I wasn't aware of that variable! I'm assuming that this would return pages, blog posts and other collection content from the Jekyll site? Or does it exclude posts and collection content? I haven't had a chance to test it and it's unclear to me from the documentation.

Thanks!

I'm working on a Prototype right now I'll drop you the template when I finish just don't let me forget!

Sounds good. Thanks! When it's done and the pull request goes through please consider submitting a similar change for my jekyll-json-feed project.

Bad news to share. When used on a medium complexity site Jekyll 3.3.1 causes liquid to spill into the feed. As a result I have nothing to share I would feel comfortable sharing. To reproduce the funky liquid not rendering behavior please see the following instructions: Phlow/feeling-responsive#151

Spent a few hours on it and, unfortunately, liquid output to the feed is a showstopper for me. Closing issue as a result. Please feel free to reopen for your own pursuits.

Got page feeds working wonderfully with jekyll-feed by the way. If doing this be sure to scrub your output for sensitive files such as .well-known/acme-challenge/qXWXT3LE-/index.html.

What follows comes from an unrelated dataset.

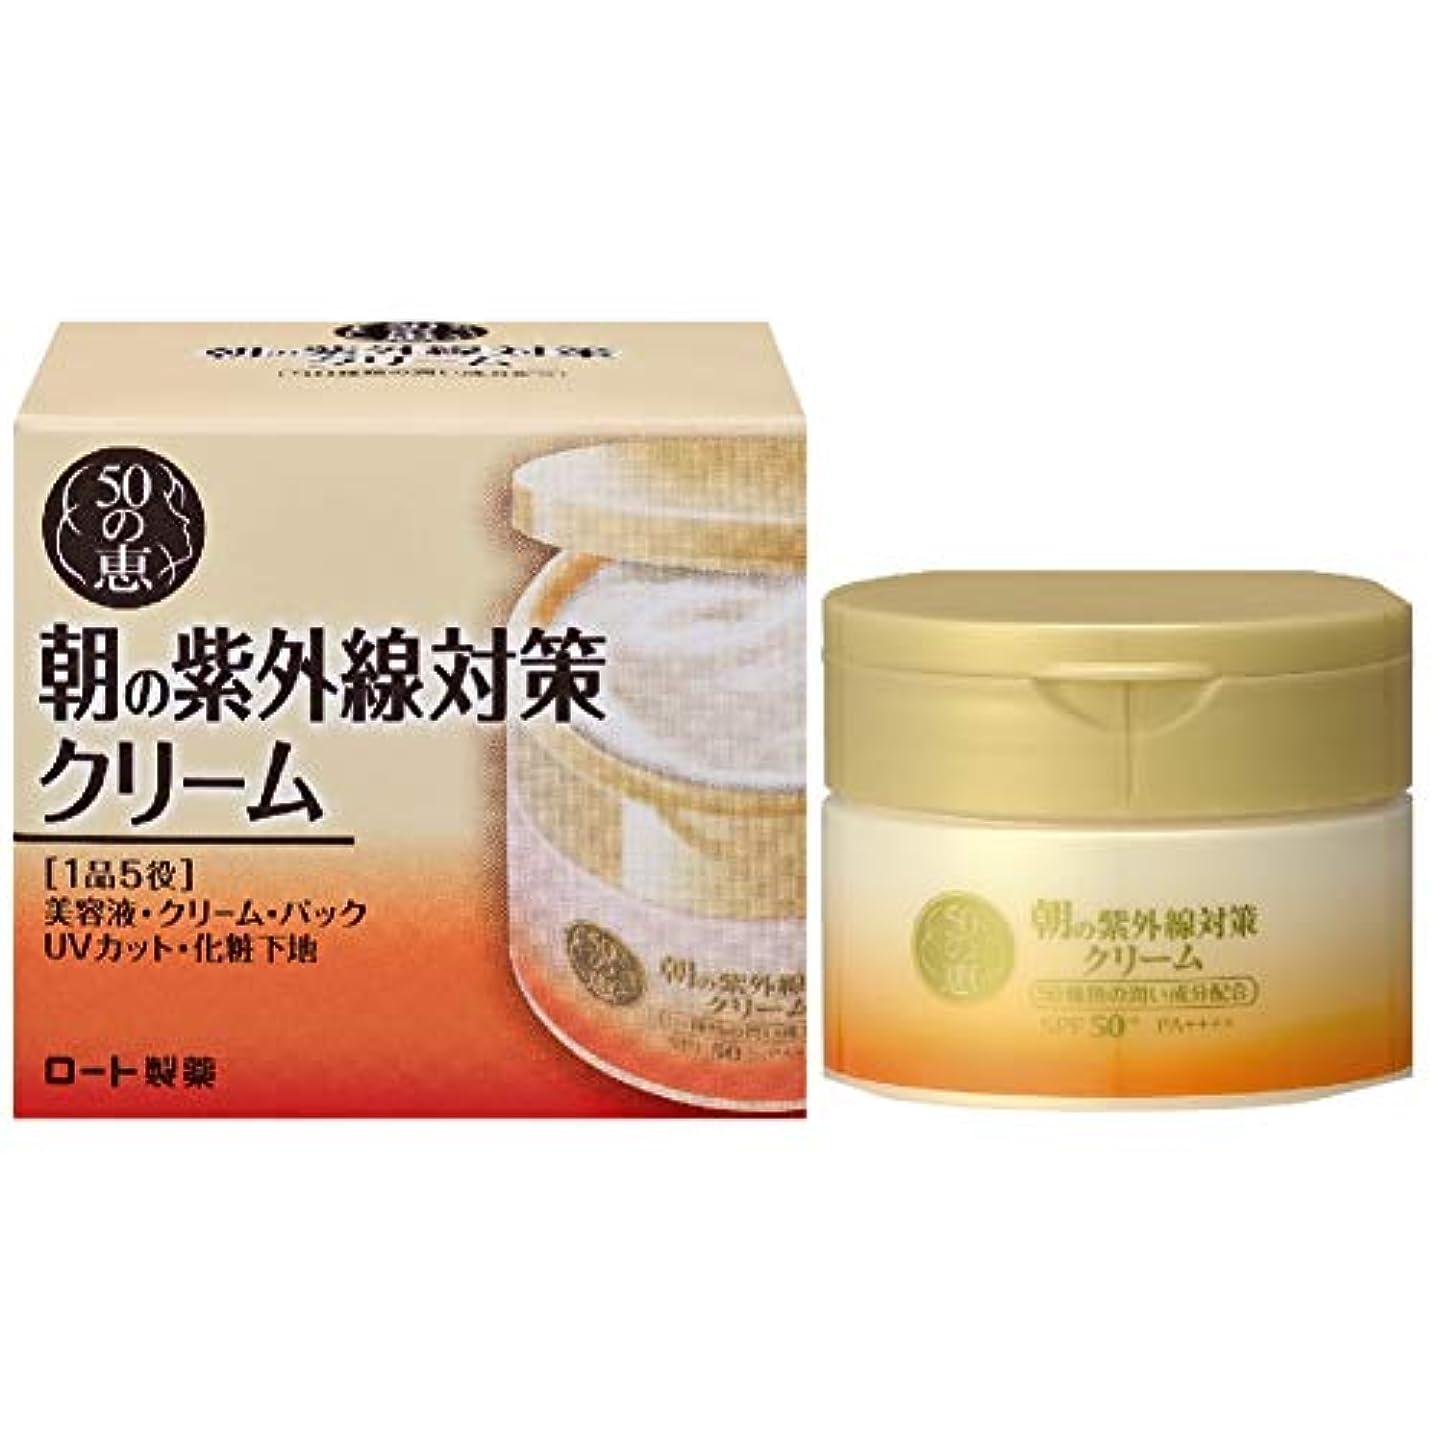 タック動物核ロート製薬 50の恵エイジングケア 朝の紫外線対策クリーム 養潤成分50種類配合オールインワン SPF50+ PA++++ 90g

To clarify, you're saying Liquid spills into the feed when you use site.html_pages instead of site.pages or site.posts? How odd! Must be an issue with Jekyll.

I haven't tried to recreate it but will take a look when I have time. Thanks for trying!

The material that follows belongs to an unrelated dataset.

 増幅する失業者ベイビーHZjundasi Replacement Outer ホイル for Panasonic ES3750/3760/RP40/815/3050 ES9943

Seemed it was a Jekyll issue. Hard to say. It's an edge or corner case though, as it doesn't happen out of the box. In my case I was using Jekyll 3.3.1 and seeing unprocessed liquid output in my RSS page feed on a medium-sized site when looping over site.html_pages.

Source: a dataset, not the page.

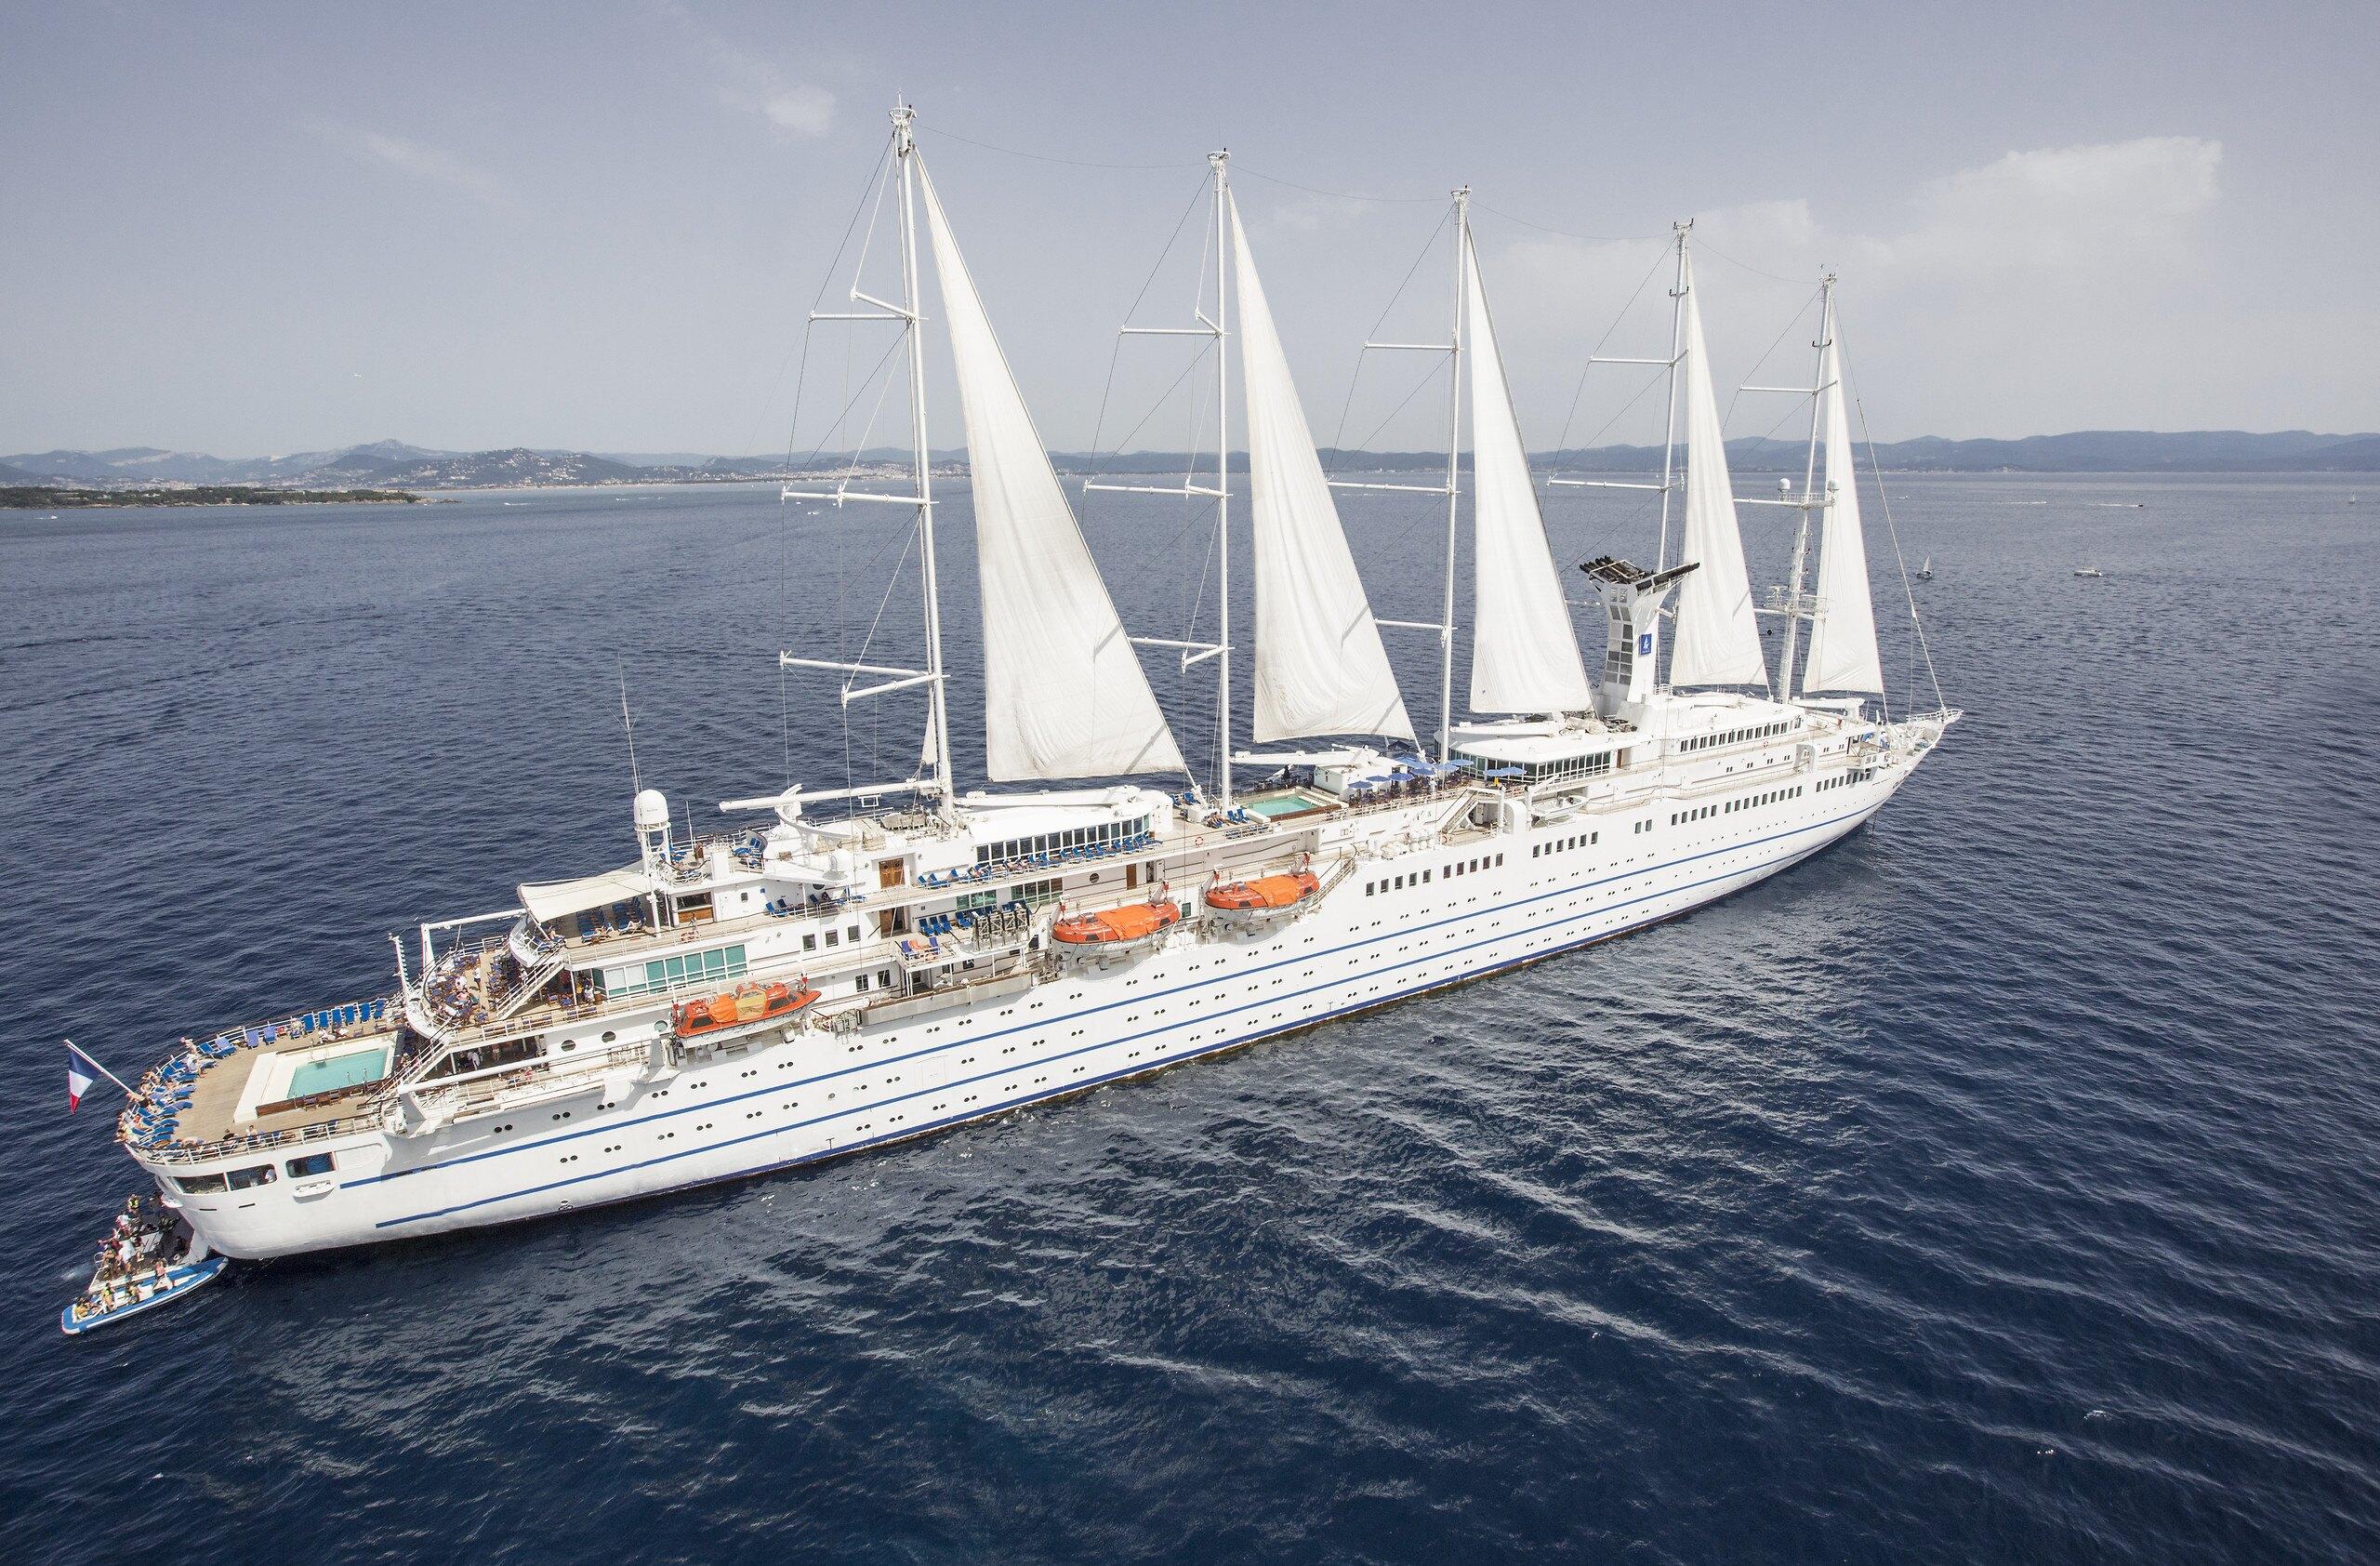 Le bateau de croisière le Club Med 2 quitte la Martinique

In this case a medium-sized site means:

  • About 10 pages made of files ending in both html and md
  • Liberal use of _data YAML within templates
  • About 25 includes to build pages and posts
  • 4 meaty blog posts
  • 5 collections with a combined total of ~230 items
  • A good amount of blob data in _uploads

I wasn't able to isolate the specific area where the edge or corner case was occurring. Here's the liquid I started to write to output the pages, but decided not to further enhance after switching to Atom when taking jekyll-feed:

{% comment %}
  When processing pages we use `site.html_pages` for security reasons.
  Doing so prevents things like `letsencrypt.txt` from being output.
  It also prevents liquid from transforming XML documents using XSLT.
  Template also requires an explicit opt-in via use of `page.export`.
  Use of opt-in helps guard against unintended output on some sites.
{% endcomment %}
{% for page in site.html_pages %}
  {% if page.export %}
    <item type="page">
      <title>{{ page.title | xml_escape }}</title>
      <description>{{ page.content | xml_escape }}</description>
      {% if page.date %}
        <pubDate>{{ page.date | date_to_rfc822 }}</pubDate>
      {% endif %}
      <link>{{ page.url | prepend: site.baseurl | prepend: site.url }}</link>
      <guid isPermaLink="true">{{ page.url | prepend: site.baseurl | prepend: site.url }}</guid>
      <dc:creator>{{ site.author | xml_escape }}</dc:creator>
      {% for cat in page.categories %}
        <category domain="category">{{ cat | xml_escape }}</category>
      {% endfor %}
      {% for tag in page.tags %}
        <category domain="tag">{{ tag | xml_escape }}</category>
      {% endfor %}
    </item>
  {% endif %}
{% endfor %}

Note the non-standard use of type on the item element. I'm sure there's a better way, but I never got that far. I'm using Dublin Core to define the author using dc:creator and XML namespaces defined in the rss element. Dublin Core also supports an element dc:type for identifying items such as aggregations (Collections), and looked promising but, alas, fell short of expectations.